§ Source data:
----------

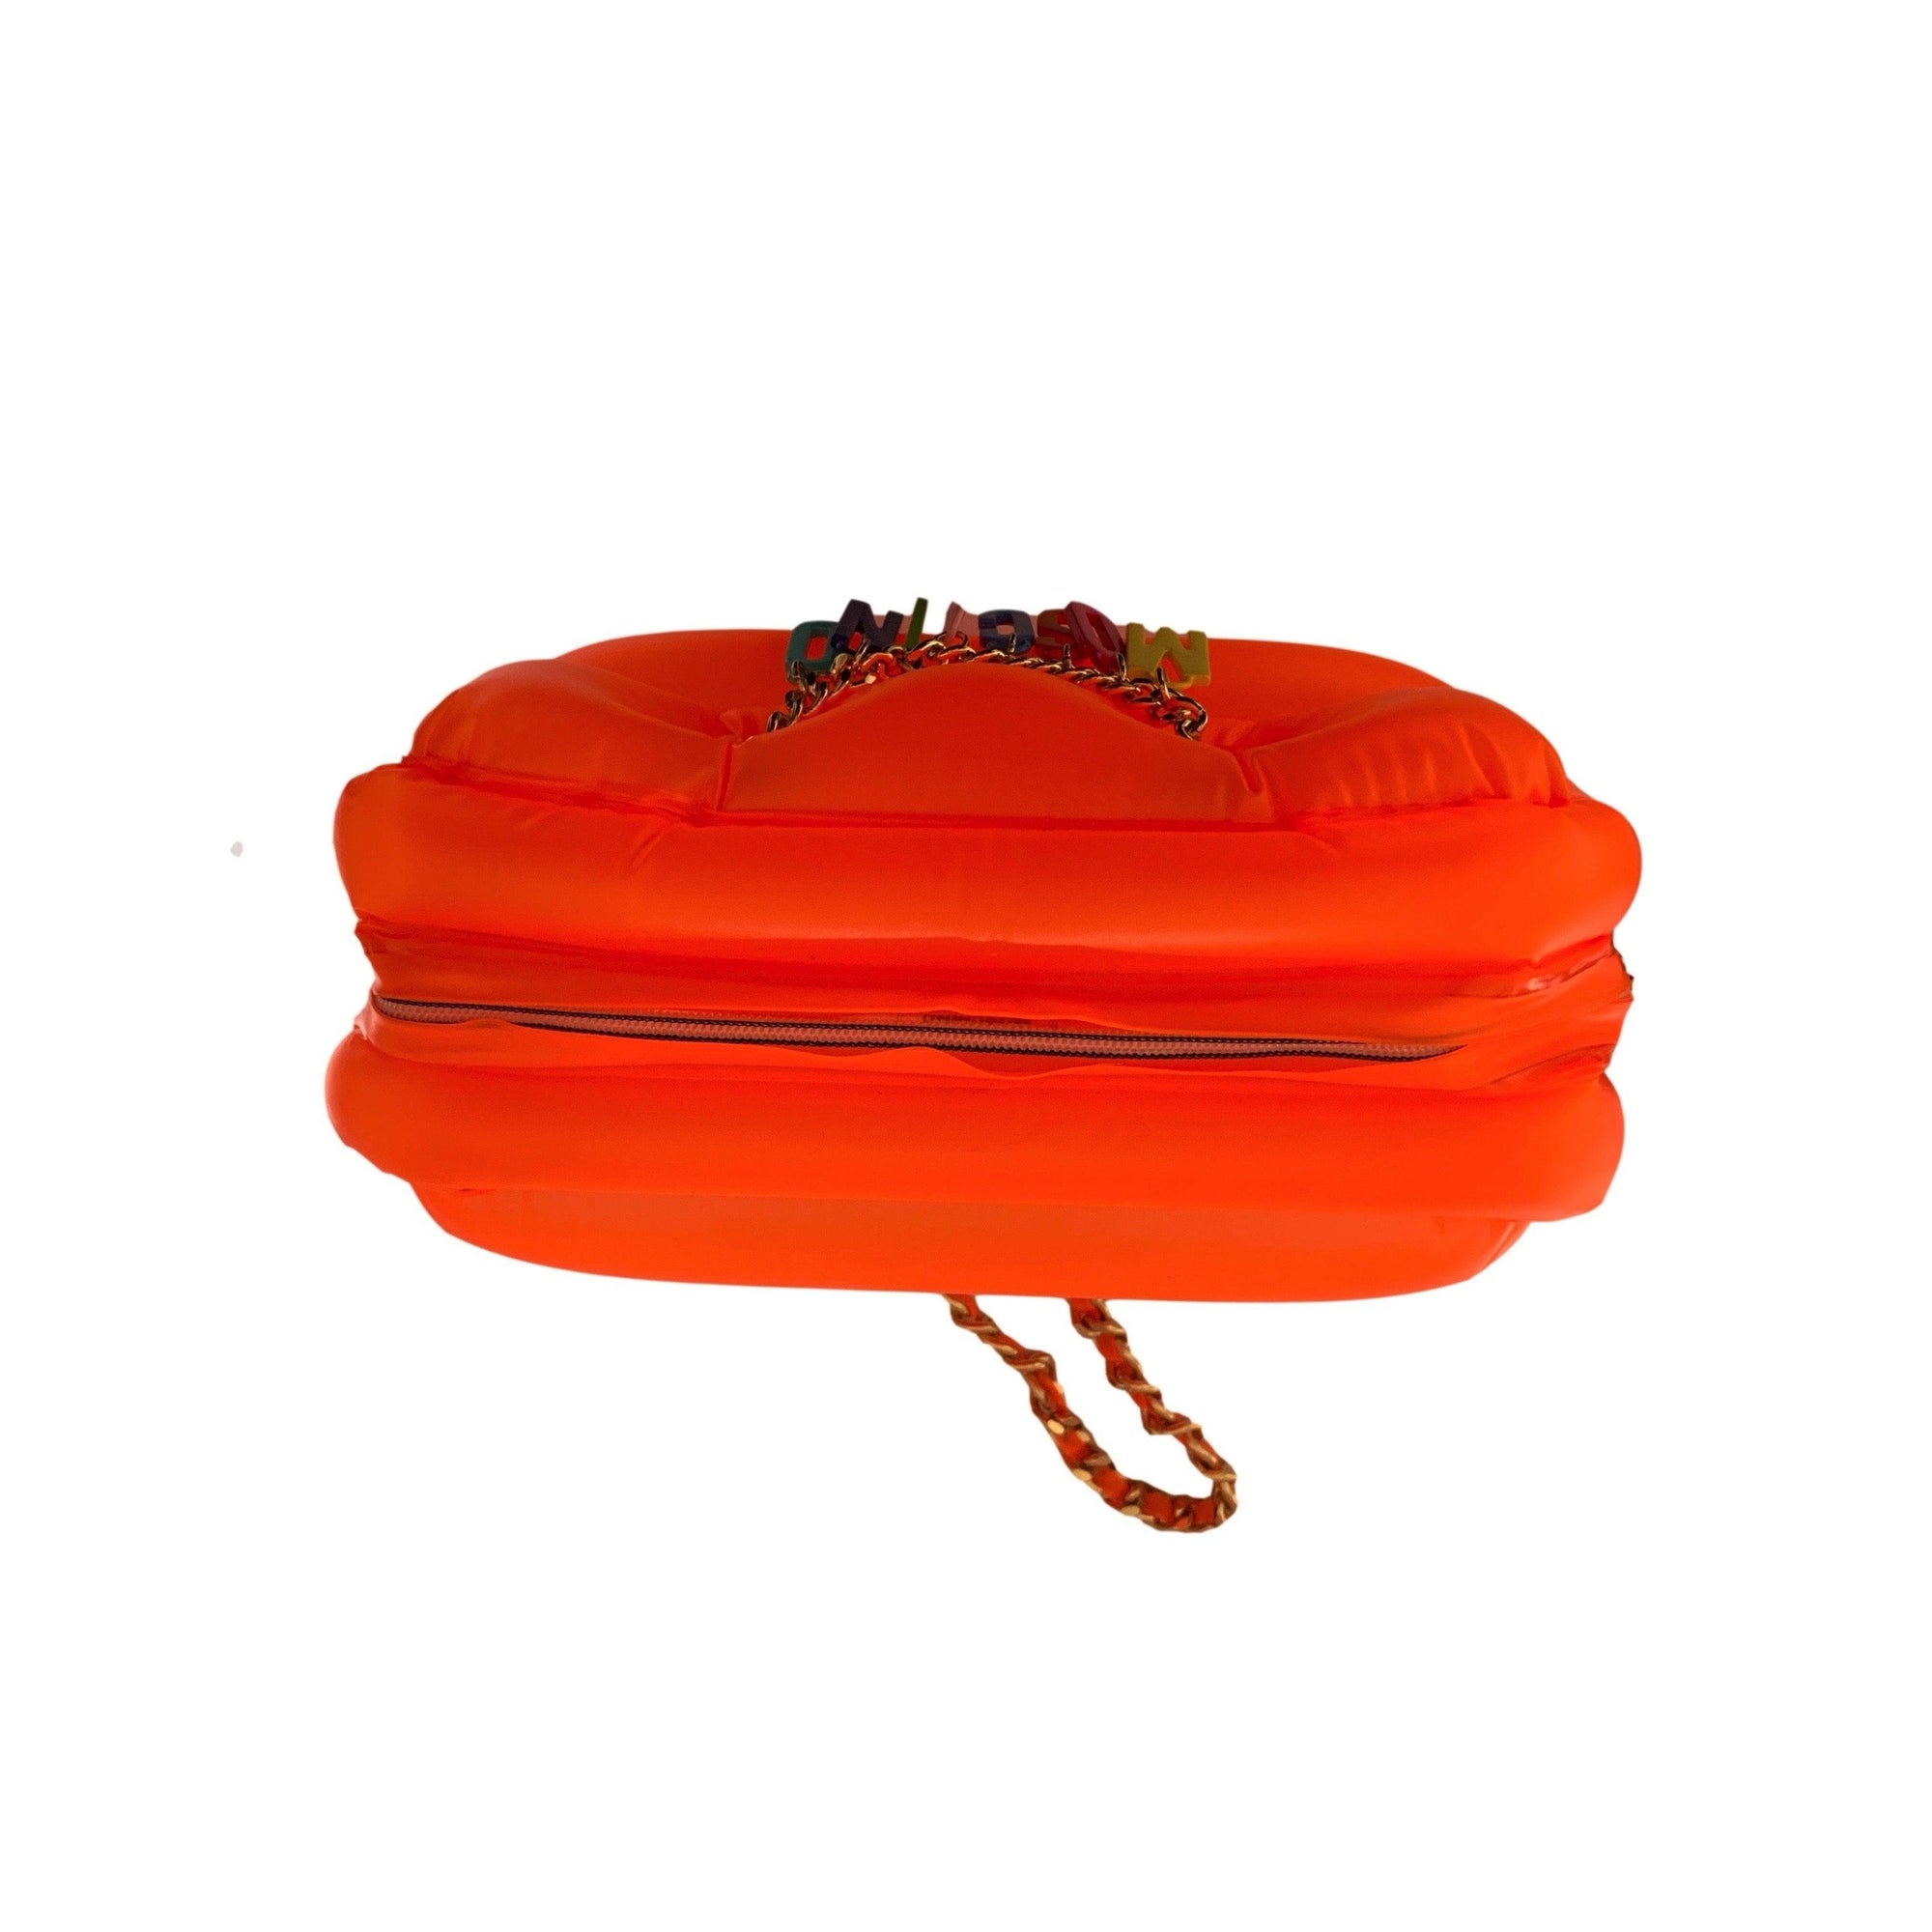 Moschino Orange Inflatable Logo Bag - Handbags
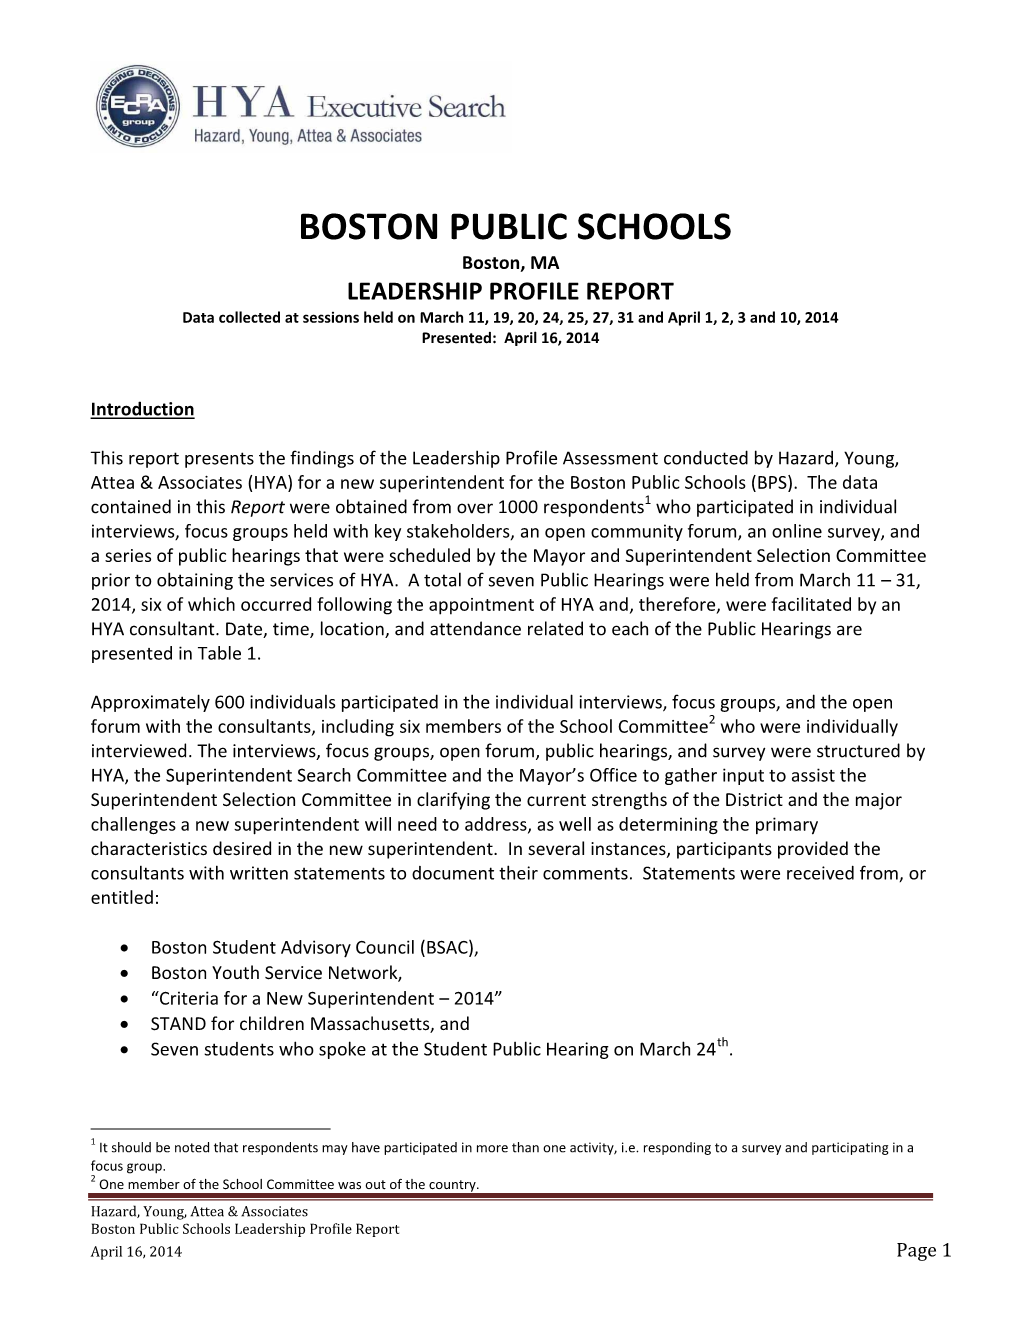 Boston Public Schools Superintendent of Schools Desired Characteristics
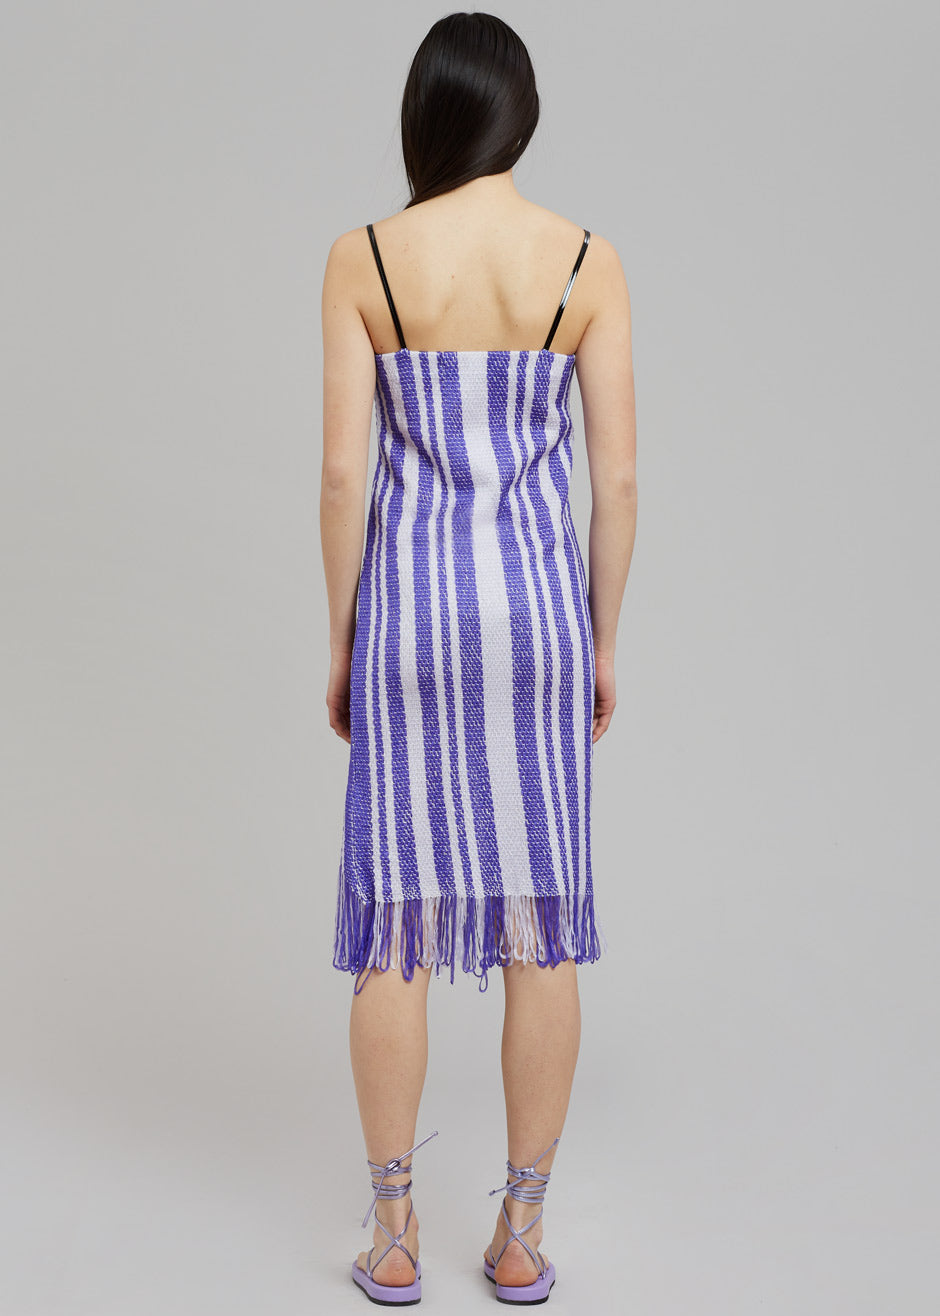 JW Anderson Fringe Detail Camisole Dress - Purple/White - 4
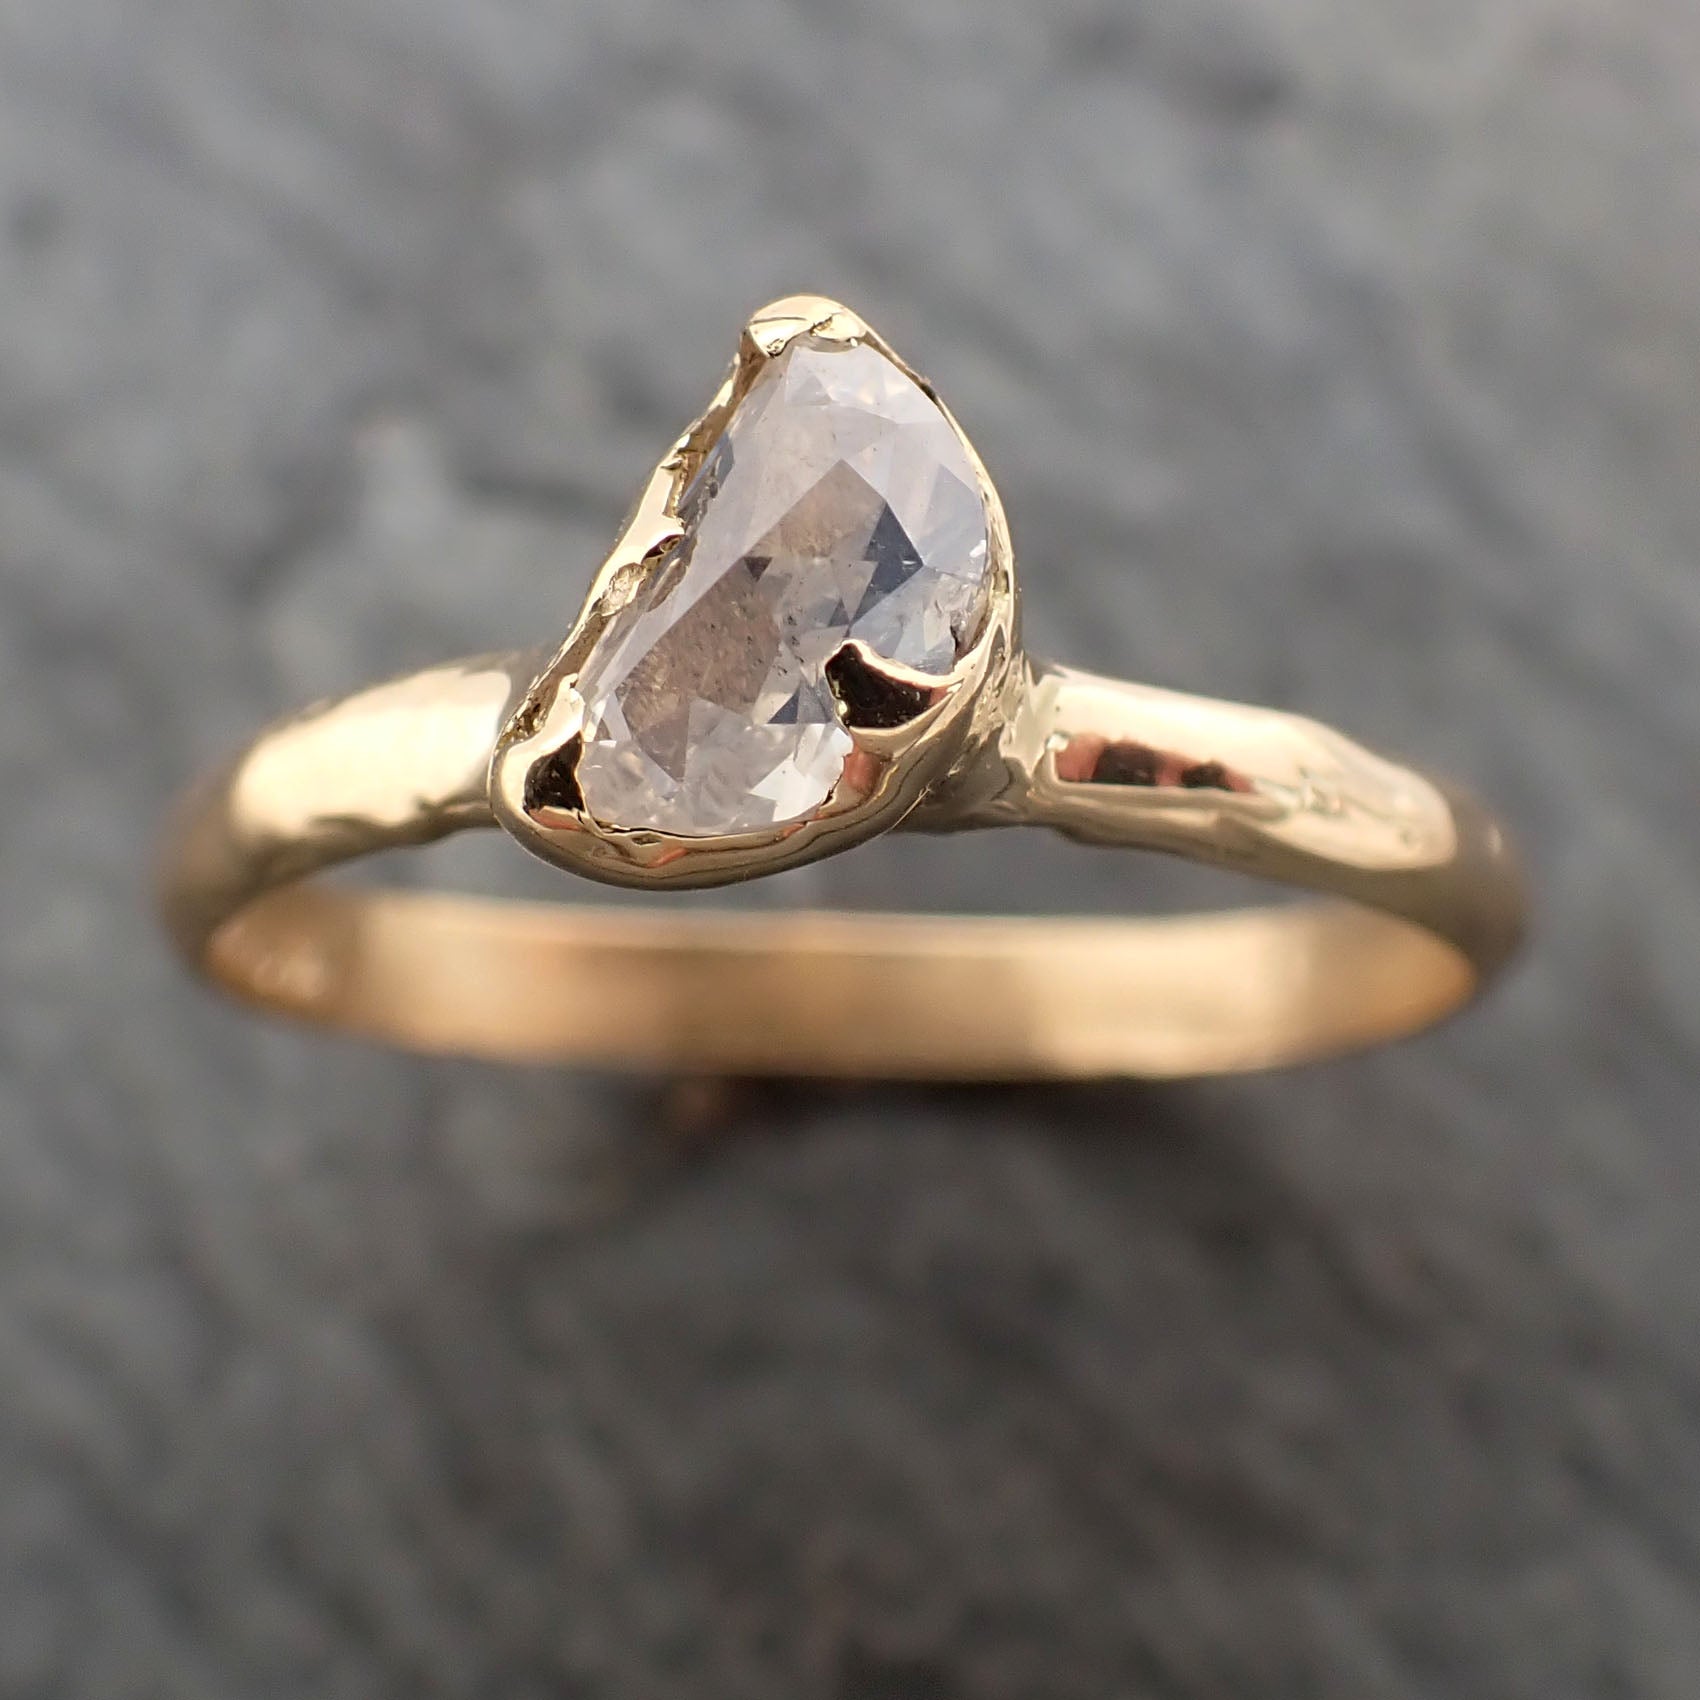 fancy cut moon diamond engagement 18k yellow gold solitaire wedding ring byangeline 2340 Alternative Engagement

----------

Give the data again word for word, without pictures.

§ The completed task:
 Moschino Orange Inflatable Logo Bag - Handbags
 Boston Public Schools Superintendent of Schools Desired Characteristics
 JW Anderson Fringe Detail Camisole Dress - Purple/White - 4
 fancy cut moon diamond engagement 18k yellow gold solitaire wedding ring byangeline 2340 Alternative Engagement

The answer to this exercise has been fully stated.